In true Hitman spirit, the assassination found its way into the fabric of the game at a later date.
“With a wink of the eye, in Colorado later you have two guys talking about this weird incident in Paris where this mysterious water puddle somehow controlled people’s minds and got them killed,” says Elverdam. “So, we like to poke fun.”
And that includes incorporating satire – in Bangkok you can meet an objectionable American businessman who is talking about running for president that you can kill.
‘Hitman’ Season 2: Where Next?
Christian Elverdam freely admits they’ve raised the bar in Hitman, which leads us to question where the game goes from here. So, what are their plans for Season 2?
“We got a lot of stuff right in Season 1,” Christian begins. “I’m not saying you don’t look at stuff and say: ‘Wow, I would love to do that even better’. There’s tons of that in there. But we are pretty happy about where we ended up. So, when we are looking at stuff now, we are looking at an entire season and discussing what worked. We’re not saying what didn’t work.
“Take our disguise system. We had such anxiety when the game launched around how it would be perceived. And we’ve had really nice feedback. So, we are going to improve and tweak – we’re not going to redo the disguise system, as an example.
“The mindset is that we are going to take what worked and polish it up and make it even better, instead of thinking we have to rethink a lot of stuff. The elusive targets really made a mark; they really did the opposite of a normal hit. Going from ‘repetition is the key to mastery’ to this moment-in-time-assassination – that feels super solid and obviously was a first. So what is the natural evolution of that? That’s going to be interesting. This is a format where a lot of the characters are still alive which is also completely atypical – we have a lot of important characters alive in the world. So, there’s an [extensive] foundation to build on.”

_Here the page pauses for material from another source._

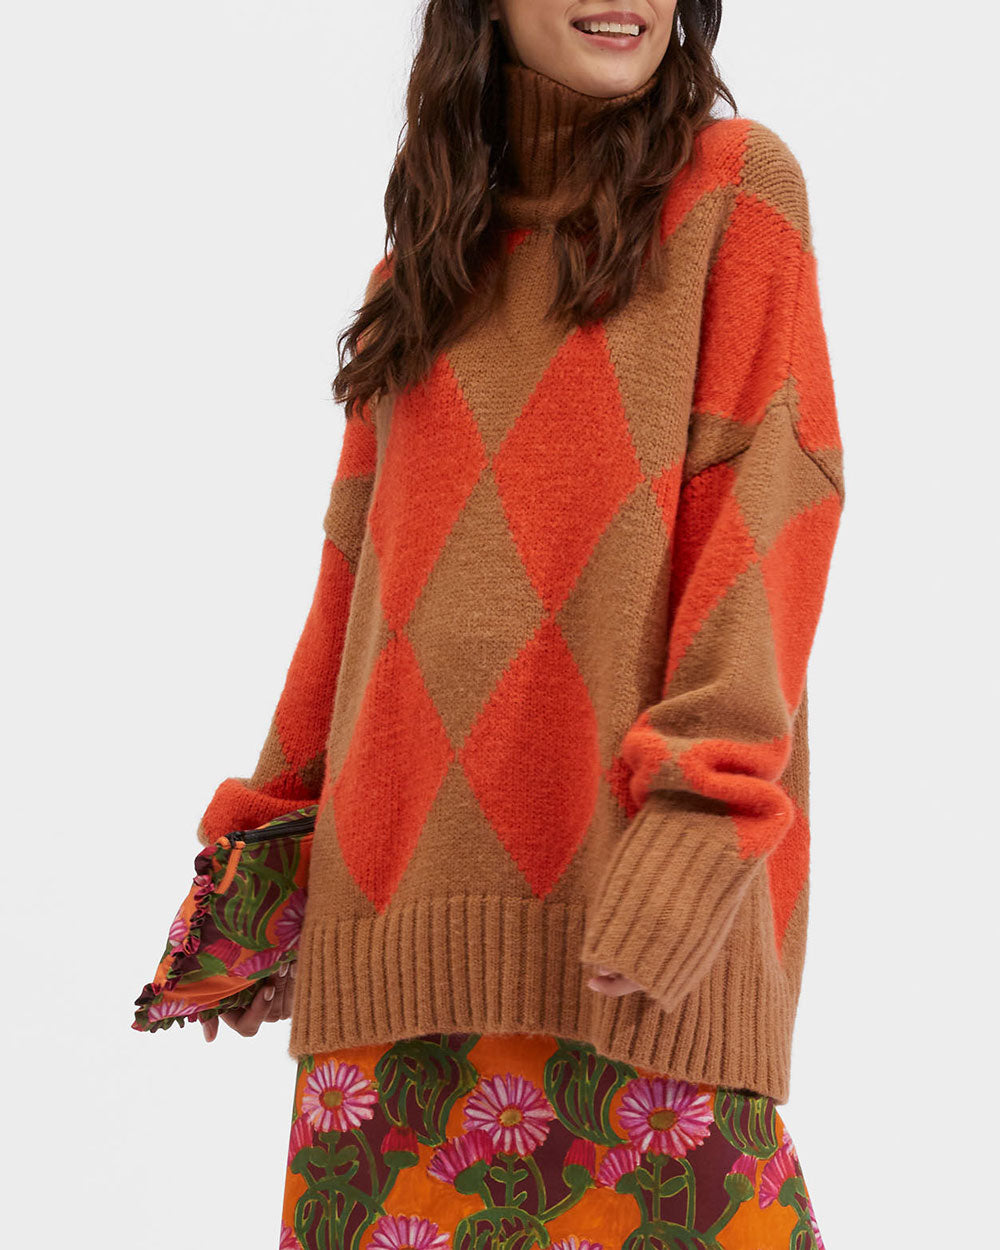 Camel and Orange Argyle Turtleneck Sweater

He’s also keen to find ways to draw in newcomers to Hitman without alienating them with the game’s complexity, and without distancing the super-engaged hardcore fans. “It will be the eternal battleground of Hitman, I think,” he says.
The Future of Gaming
The future of Hitman may or may not tie in with Christian Elverdam’s ideas on the future of gaming, which he sees as containing more immersive VR as well as an increase in augmented reality, along the lines of Pokémon Go. But for Christian, the most profound change happening is one that few people talk about.
“In 30 years from now, everyone will be playing games,” he predicts. “In the 1970s and 1980s, it was the persona non grata. It’s always been the case that the newest medium is the one under heaviest scrutiny. You know, [people said] VHS tapes would make us stupid or not go to the movies. And then later it was computer games. So, if you think about the future of gaming, I would say let’s see what happens when everyone in the world is a gamer. When the next, or some new, American president in the future is a dedicated gamer. Or when the Danish Prime Minister is a gamer. Right now, you wouldn’t ask if your Prime Minister is going to the movies. You don’t say, ‘By the way, do you go to the movies?’ or, “By the way, do you watch TV shows?’ It would be a ridiculous question. Within a decade or two maybe that will also be a ridiculous question when it comes to games. I think that will actually profoundly change how we think about games.”
For now, we’re just thinking about how we’re going to go about offing that corrupt Italian politician…
Hitman: The Complete First Season is available to buy on disc from January 31.